The board will monitor the impact of Canadian National’s purchase of EJ&E West Company until 2017.

   The Surface Transportation Board voted last week for a two-year extension to its monitoring of Canadian National and Grand Trunk Corp.’s acquisition of EJ&E West Company.
   “In reaching its decision, the board expressed concern regarding the impacts on the surrounding communities of increased rail traffic on the EJ&E line,” according to an STB press release. “In particular, the board noted the connection between increased train traffic and increases in vehicle traffic delay, noise, and air emissions — as well as a recent spike in blocked crossings on the EJ&E line.”
   Ann Begeman, in an opinion dissenting the ruling, wrote that simply renewing old requirements will not accomplish anything. She conceded that “a modest extension” of the reporting requirements may have been appropriate.
   “However, instead of reviewing the host of reporting requirements imposed six years ago and assessing what information remains useful, the majority has decided to simply extend the same requirements for two more years,” she wrote. “The majority’s rationale for taking this action is the ‘recent rail congestion in the Midwest, particularly in Chicago.’”

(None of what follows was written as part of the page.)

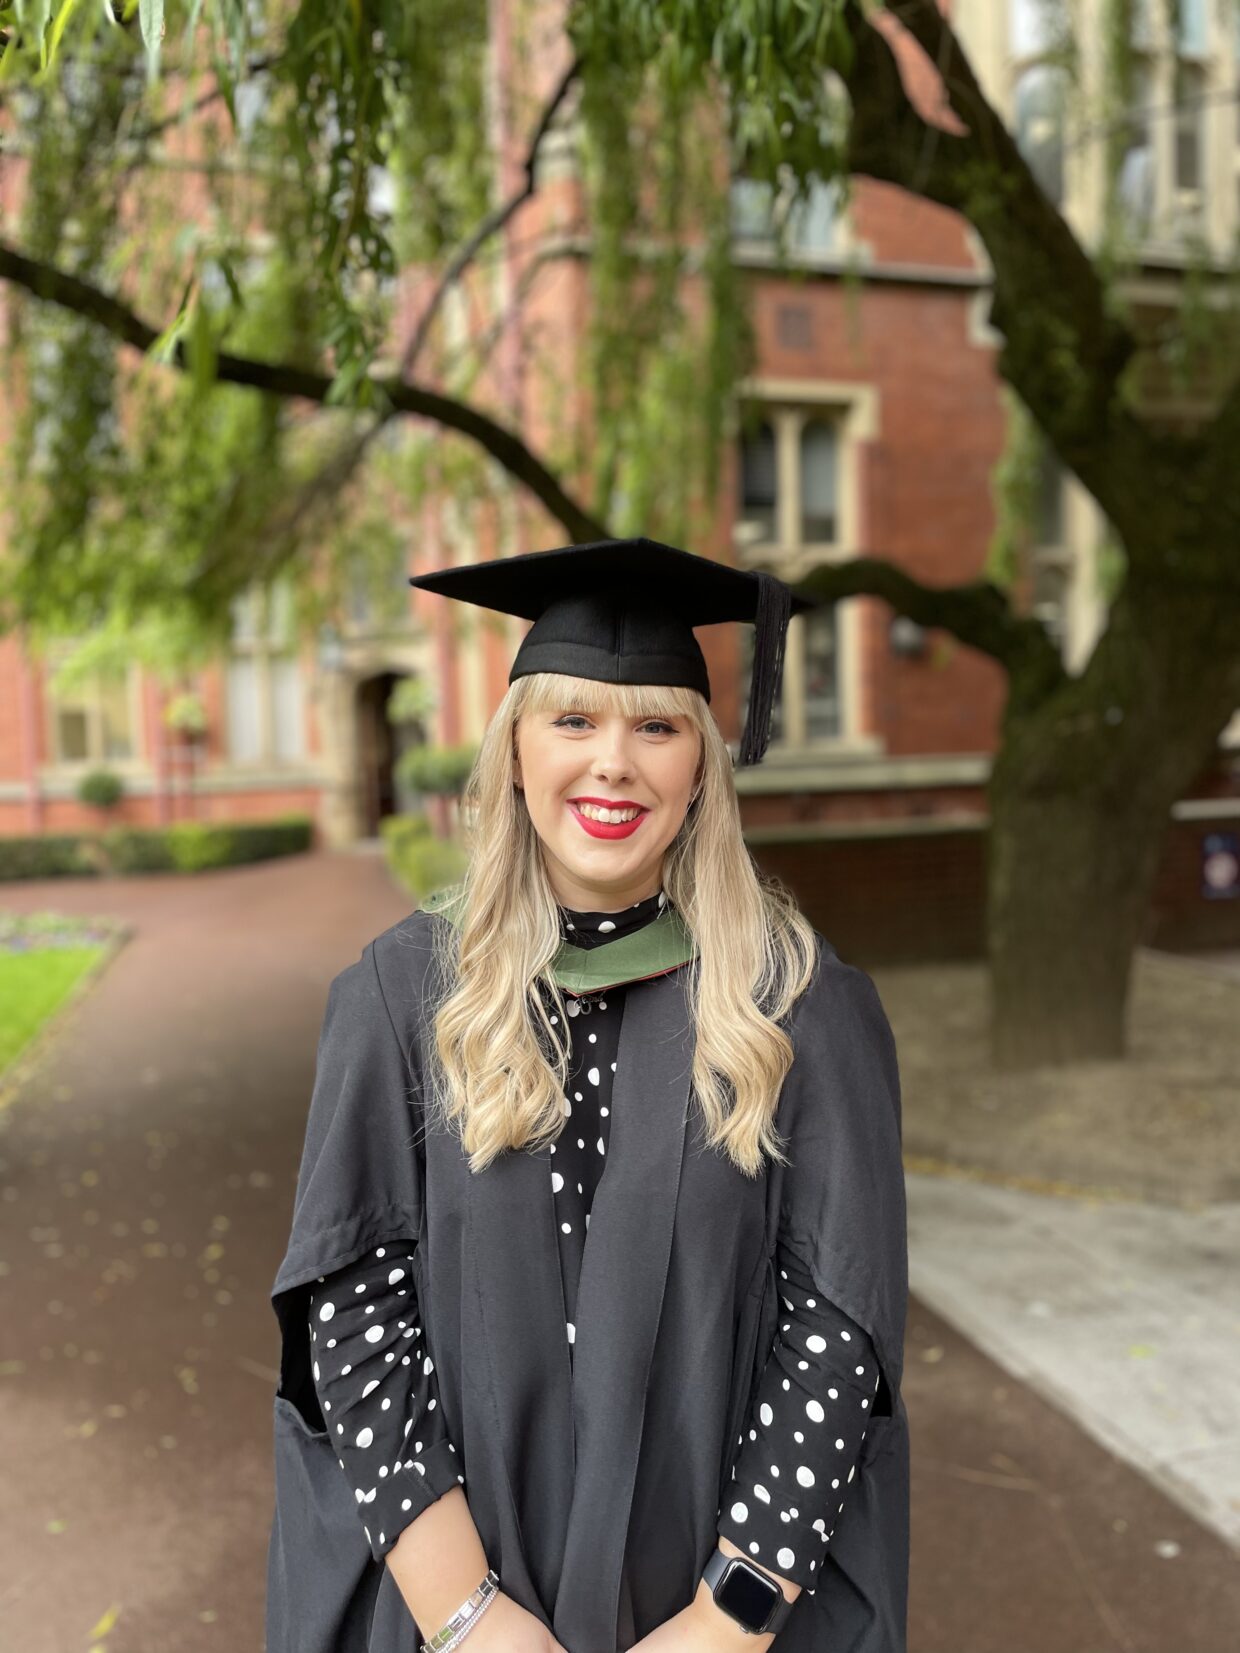 Jenna has long blonde hair and is smiling at the camera. She is wearing a graduation cap and gown during her Master's graduation at the University of Sheffield

   She added that by continuing this oversight, the other board members are acknowledging that rail congestion and rampant service problems will be the norm for another two years.
   “If that is indeed the majority’s view, the board should immediately intensify its efforts and determine what more must be done to meaningfully address service congestion throughout the Chicago area,” she wrote. “Data collection alone is not enough.”
   In the majority opinion, Chairman Daniel Elliott and Vice Chairman Deb Miller wrote that Begeman’s concerns are completely valid, but that they are outside the scope of the issue at hand.   
   “We acknowledge the dissent’s general concerns with rail service in Chicago and, despite some of the dissent’s implications, share those concerns,” they wrote. “But the issue before us in this docket is narrower than ways to improve service in Chicago in general — the question facing the board here is whether this is the appropriate time to end our oversight conditions in this proceeding.”  
   The board approved CN’s purchase in 2008, but said it would monitor the transaction’s impact on service levels for five years. In early 2014, it ruled that the oversight period would be extended to Jan. 23, 2015. With the new decision, CN will be monitored until Jan. 23, 2017.